Hockey socks work too, if you want covers.

However, if there's a chance of airborne dirt particles (moored near a gravel lot and windy, for instance) the covers can trap and hold dust/dirt and then become hull abraders themselves.


----------



## Maine Sail (Jan 6, 2003)

*Ask guys who paint boats*

Ask guys who paint boats and the tech support at Awlgrip. They will usually tell you they do more harm than good. I had a long conversation with the Dupont Imron reps at the Maine Boat Builders Show and they were complaining that fleece covers are a huge Peeve of theirs. People thin kt they are doing good but dry crusty salt, dirt weeds dock grime and such sticks to fleece and it does not stick to a clean fender nearly as well..

People think they are doing a good thing but fleece likes to attract dirt, dock grime, dried seaweed and any other thing floating by. This stuff then gets trapped in the fibers and abrades the hull worse than a smooth clean fender will.

Clean your fenders often and I would advise agaisn the use of them. I chose to ignore my painter and bought some. I used them for one day and saw exactly what he said I would trapped grime and dirt in the fibers. They are basically brand new, sitting in my barn, collecting dust..


----------



## tdw (Oct 2, 2006)

Valiente said:


> That is an excellent idea. If I cared about fender covers, I'd use it!
> 
> Wouldn't work for the *orange spherical ones* I'm going to, however.


Why you going to those things ? Isn't the problem of stowing the buggers more trouble than they are worth ?

Generally speaking I wouldn't be bothered with the covers , seem like just another way to piss away your hard earned dosh on completely useless stuff.

Then again some people do polish their hulls, have dinky little throw cushions with anchor motifs, wear colour coded docksiders and call their wife the admiral.
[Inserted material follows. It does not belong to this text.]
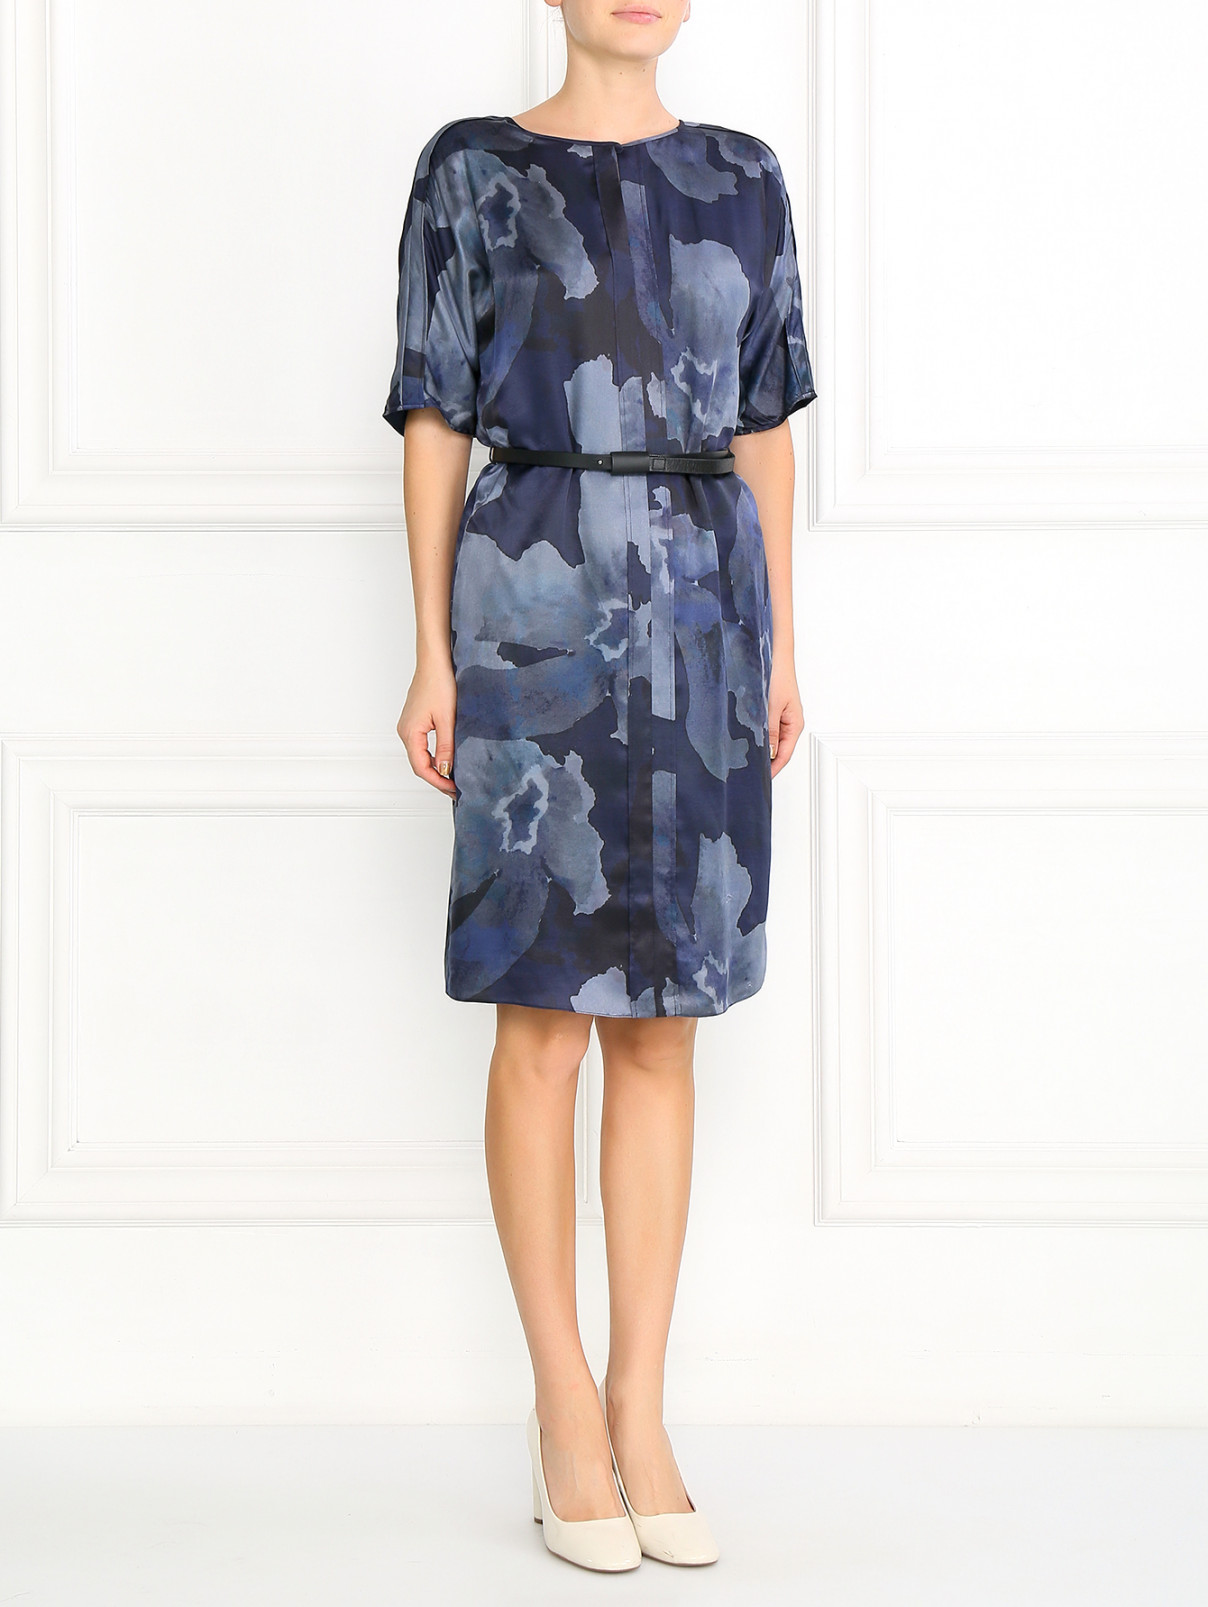 Платье прямого кроя с узором и поясом из кожи Armani Collezioni  –  Модель Общий вид  – Цвет:  Синий

Our attitude is that should a pirate spot us they will take one look and decide the other blokes boat has got to be a better prize than our scruffy old pos. Also we are Australians. Nuff said. 

Then again....how about fender covers made from dead possums ?


----------



## Pub911 (Oct 25, 2007)

My experience is counter to the advice given above regarding Awlgrip.

I've used fleece covers on my Awlgrip II paint for 7 years. They have not caused any harm and IMO have protected the paint better than uncovered fenders which I have seen leave rubbery streaks after heavy use/weather. 

The rubber streaks are easily removeable, but why bother?

I found them online be googling "fuzzy fenders" and adding "-zz top" so that I didn't get a bunch of unrelated, but very funny coincidental guitar pictures.


----------



## TSOJOURNER (Dec 16, 1999)

I bought 6 fender covers two years ago. Can't remember the brand but they were made of a thin blue knit synthetic. Pulled them onto the fenders, tied the boat alongside the slip, made everything tiddly and left.

The boat was slipped at a fixed dock in a Great Lakes marina, very sheltered. No tides and no turbulence.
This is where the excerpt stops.